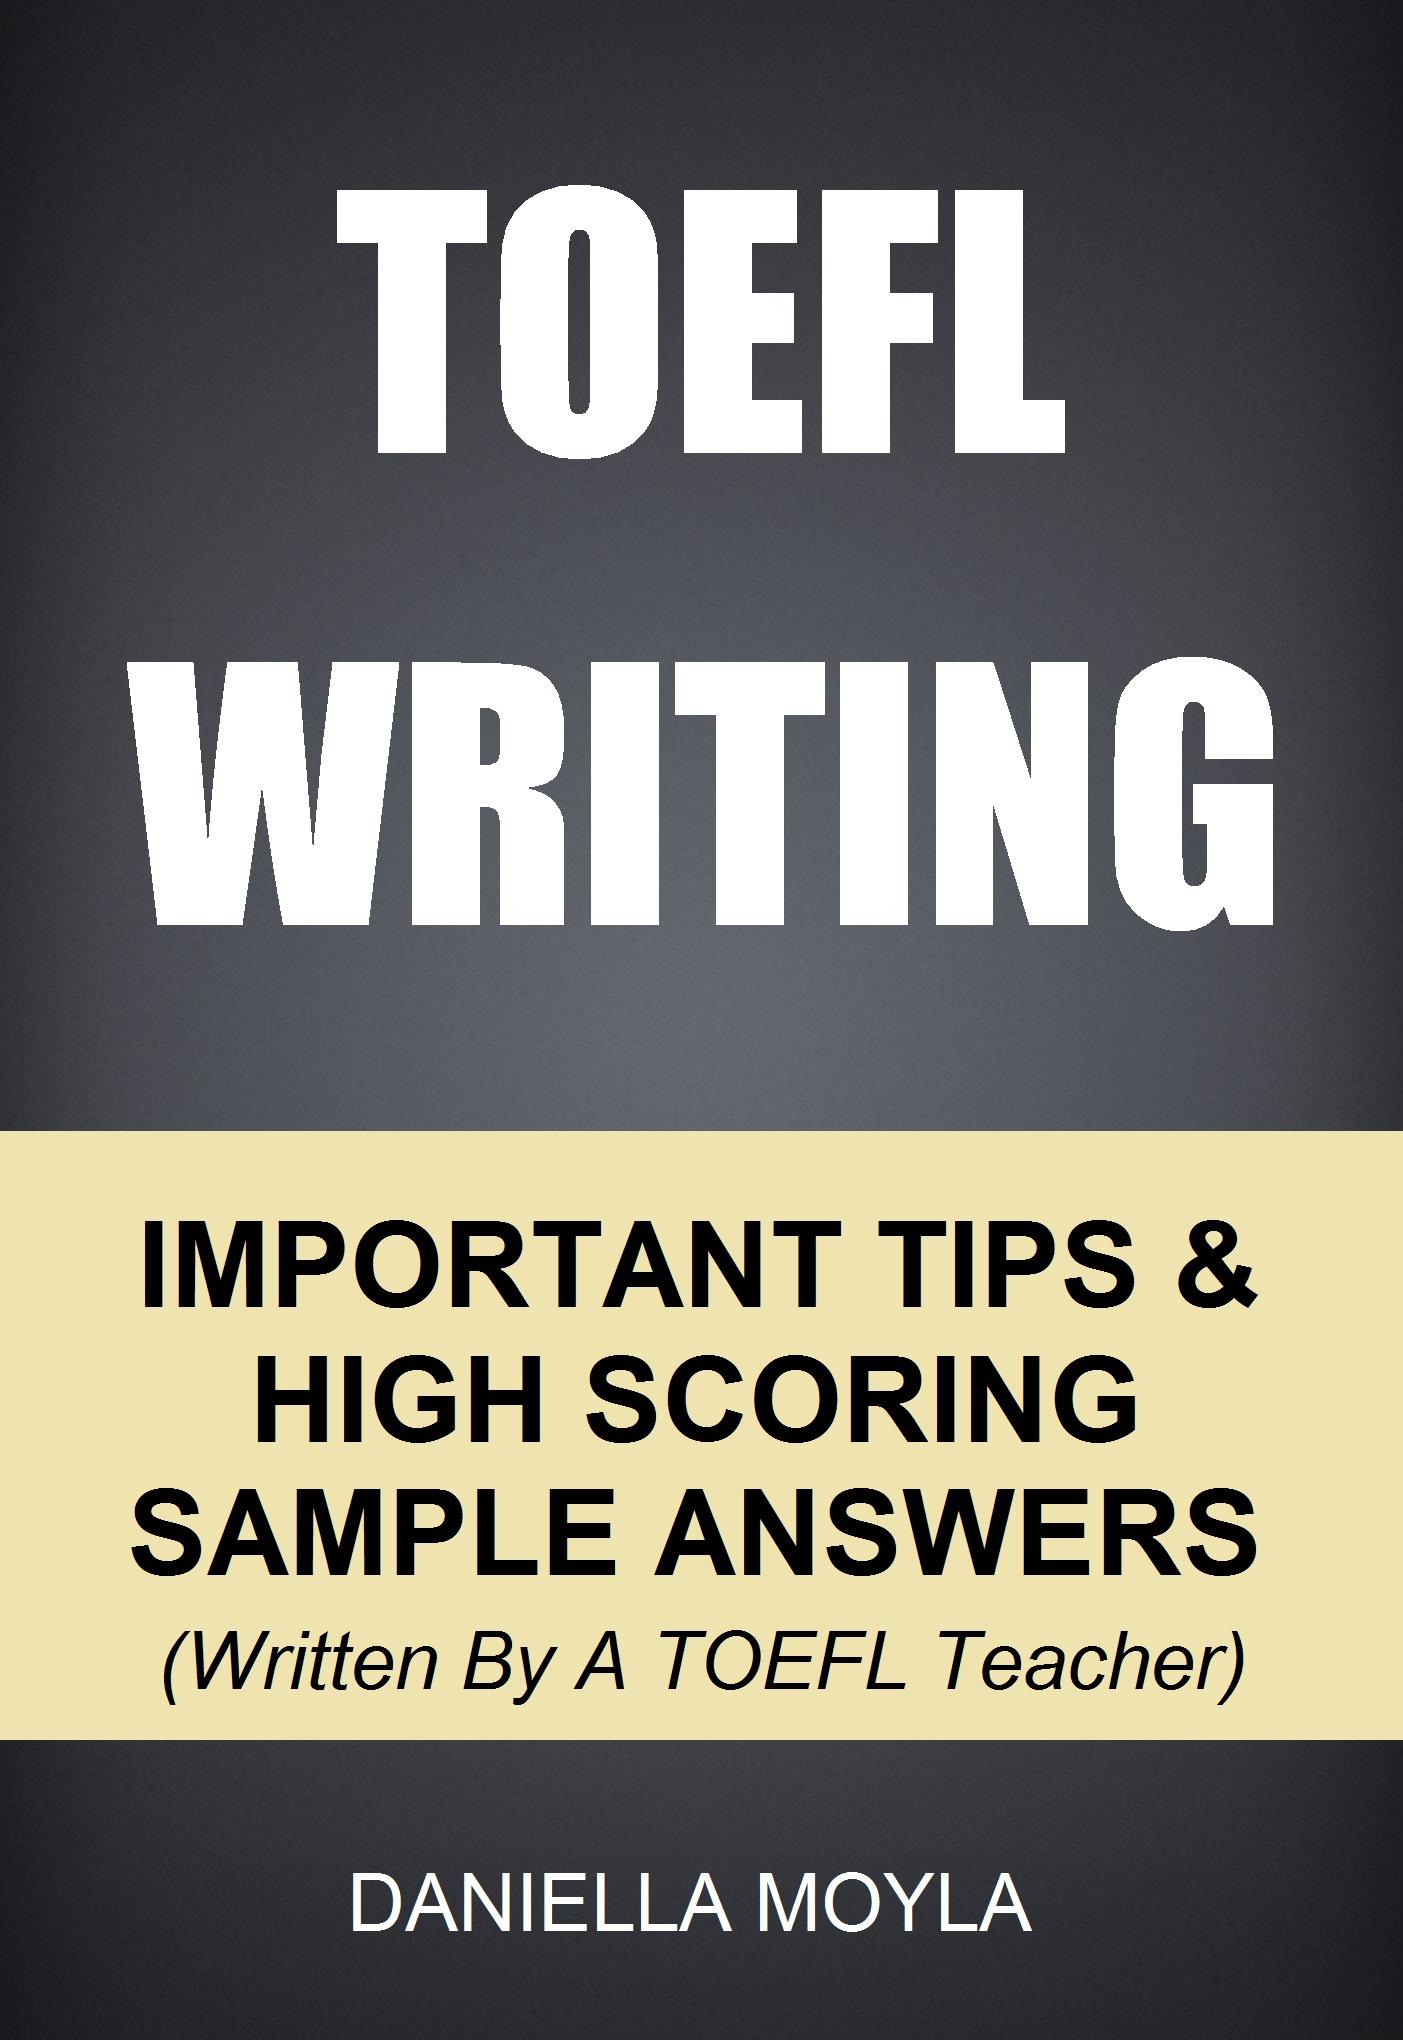 16 Ways to Improve your TOEFL Score
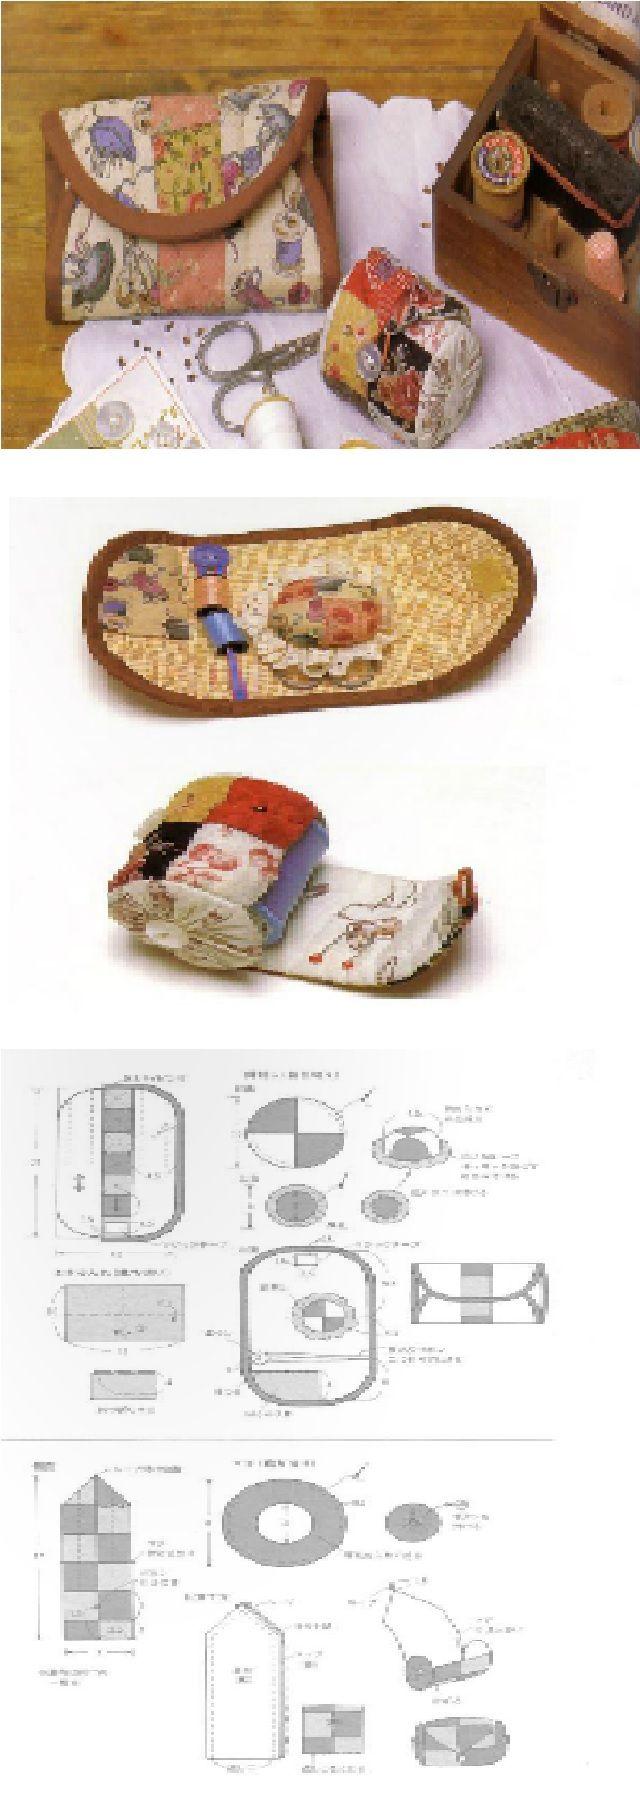 Mini sewing kit and pincushion ideas.
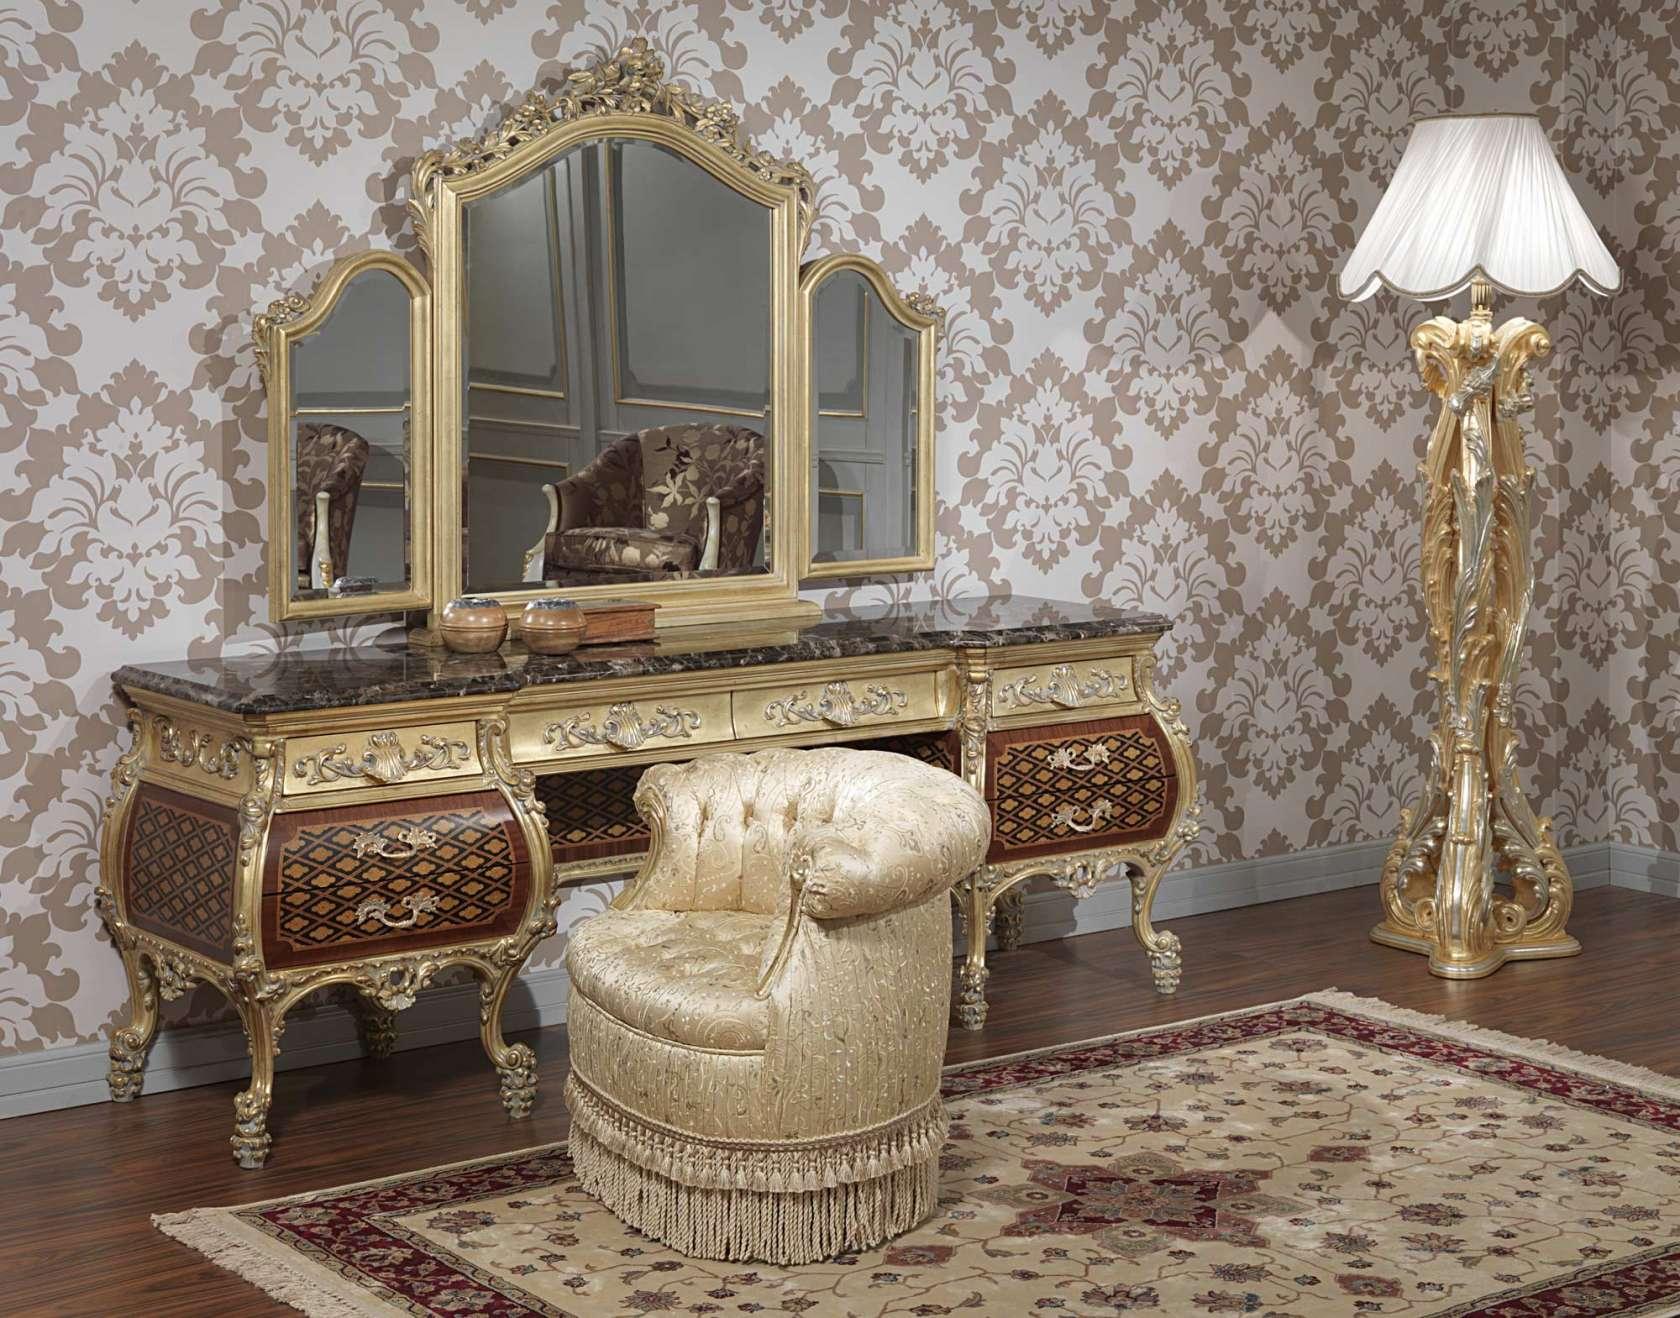 Mobili da camera eleganti emperador gold art 397 931 for Mobili eleganti
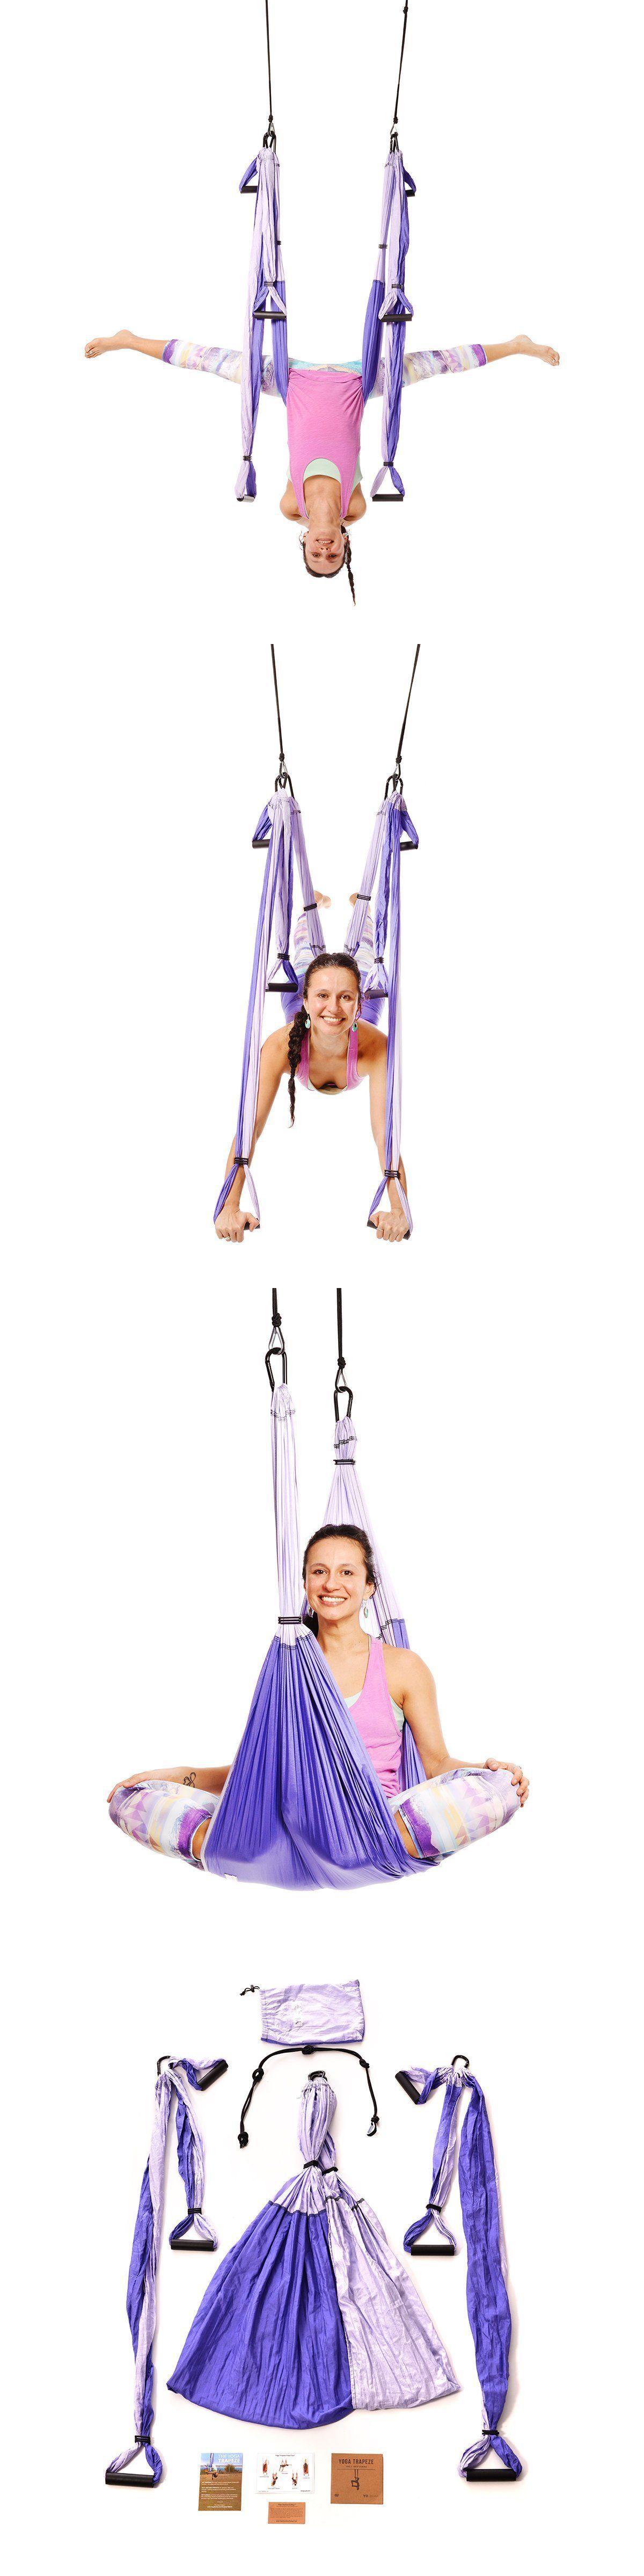 Yoga props yoga trapeze swing sling inversion tool joyful

Task to complete: The whole listing must be transcribed exactly. No pictures belong in the copy.

Answer for the task:
 16 Ways to Improve your TOEFL Score
 Mini sewing kit and pincushion ideas.
 Mobili da camera eleganti emperador gold art 397 931 for Mobili eleganti
 Yoga props yoga trapeze swing sling inversion tool joyful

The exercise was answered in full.